Chupka v. State

775 So. 2d 315 | Fla. Dist. Ct. App. | 2000

775 So.2d 315 (2000)

Sandra CHUPKA, Appellant,
v.
STATE of Florida, Appellee.

No. 2D98-1737.

District Court of Appeal of Florida, Second District.

May 12, 2000.

Brian J. Donerly, Tampa, for Appellant.

*316 Robert A. Butterworth, Attorney General, Tallahassee, and Ronald Napolitano, Assistant Attorney General, Tampa, for Appellee.

BLUE, Judge.

Sandra Chupka appeals her split sentence for grand theft and argues that the probationary term improperly exceeds the suspended term of incarceration. Because we conclude that the sentence was lawful, we affirm.

Ms. Chupka pleaded guilty to grand theft and 99 counts of uttering a forged instrument. She was sentenced to 13.8 years in prison, to be suspended after 10 years, at which time Ms. Chupka will be on probation for 20 years.[1] She argues that the probation term cannot exceed 3.8 years, which is the amount of her prison term that was suspended. Ms. Chupka's argument rests on the supreme court's description of a true split sentence as "a total period of confinement with a portion of the confinement period suspended and the defendant placed on probation for that suspended portion." Poore v. State, 531 So.2d 161, 164 (Fla.1988) (emphasis added).

Section 948.01(6), Florida Statutes (1995), provides that a trial court may, in its discretion, impose a split sentence where a defendant is to be placed on probation or community control after completing a specified sentence "which may include a term of years or less." In reviewing this statutory language in light of the decision in Poore, this court concluded that the statute "does not expressly mandate that the period of probation or community control must be equal in length to the suspended portion of the prison sentence." State v. Powell, 696 So.2d 789, 792 (Fla. 2d DCA), approved, 703 So.2d 444, 445 (Fla.1997).

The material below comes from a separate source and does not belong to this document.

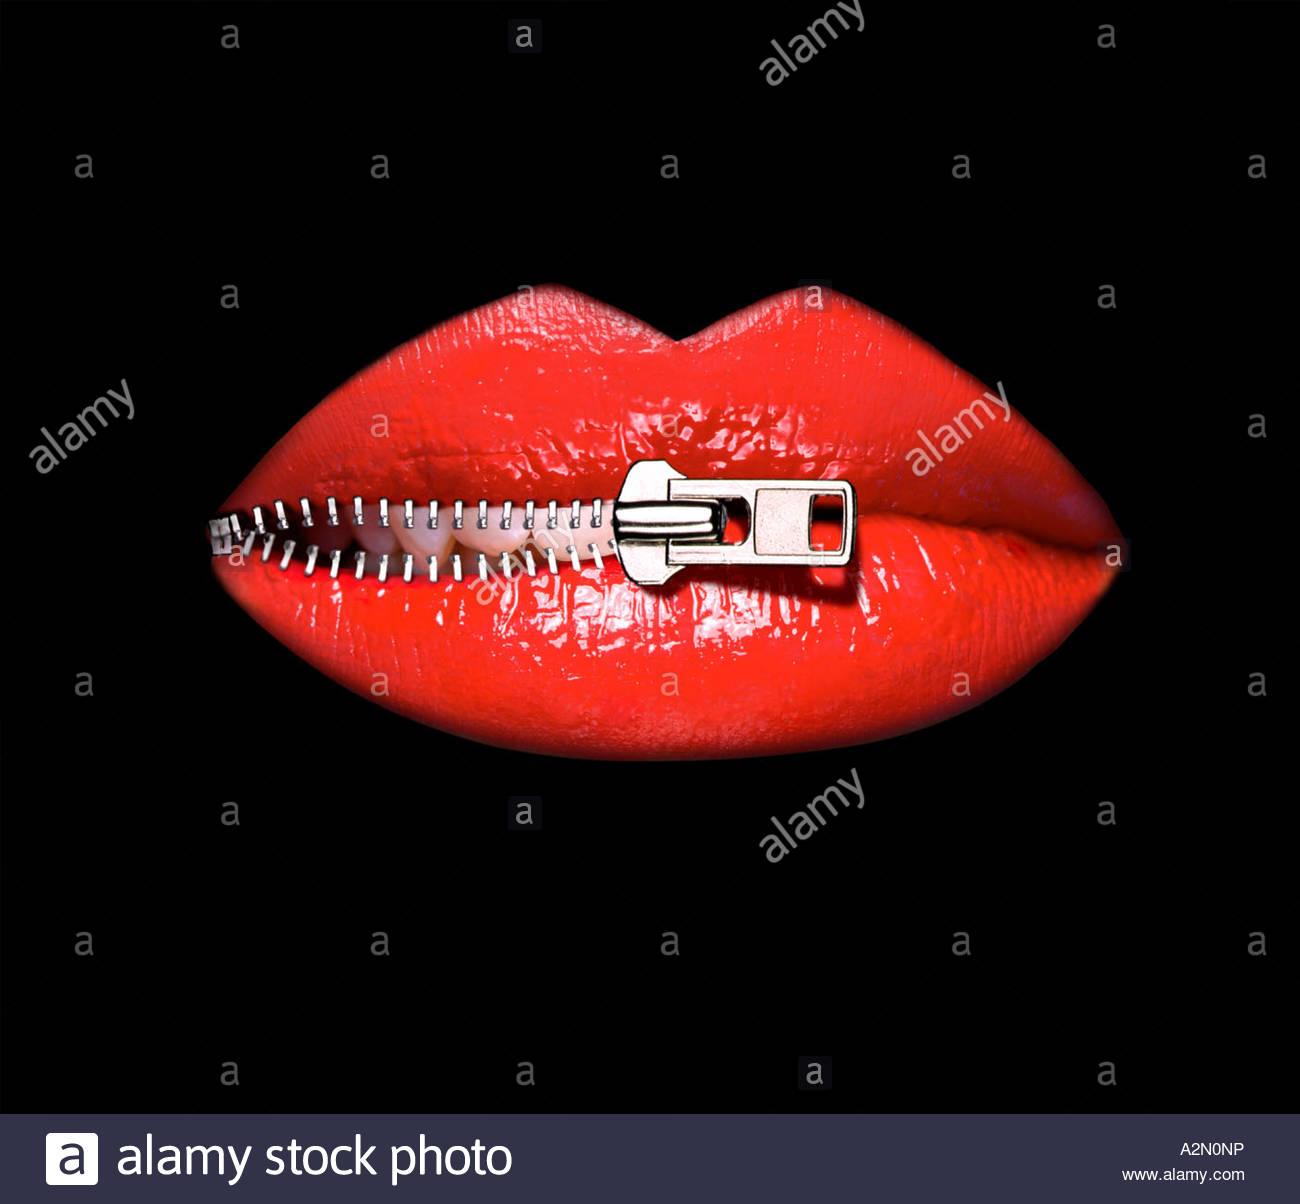 Grafik eines Weibes Lippen wird entpackt. Close-up Ausschnitt auf schwarzem Hintergrund Stockfoto

In Powell, 703 So.2d at 446, the supreme court expressly approved split sentences where the period of supervision is shorter than the suspended portion of incarceration. We conclude that section 948.01(6) would also support a split sentence where the period of supervision exceeds the suspended portion of the prison sentence, as in the present case. Accordingly, we affirm.

Affirmed.

CAMPBELL, A.C.J., and SALCINES, J., Concur.

NOTES

[1] We question the wisdom of structuring a sentence and imposing 20 years of probation when the longest sentence that could be imposed upon violation would be the suspended term of incarceration, which is 3.8 years.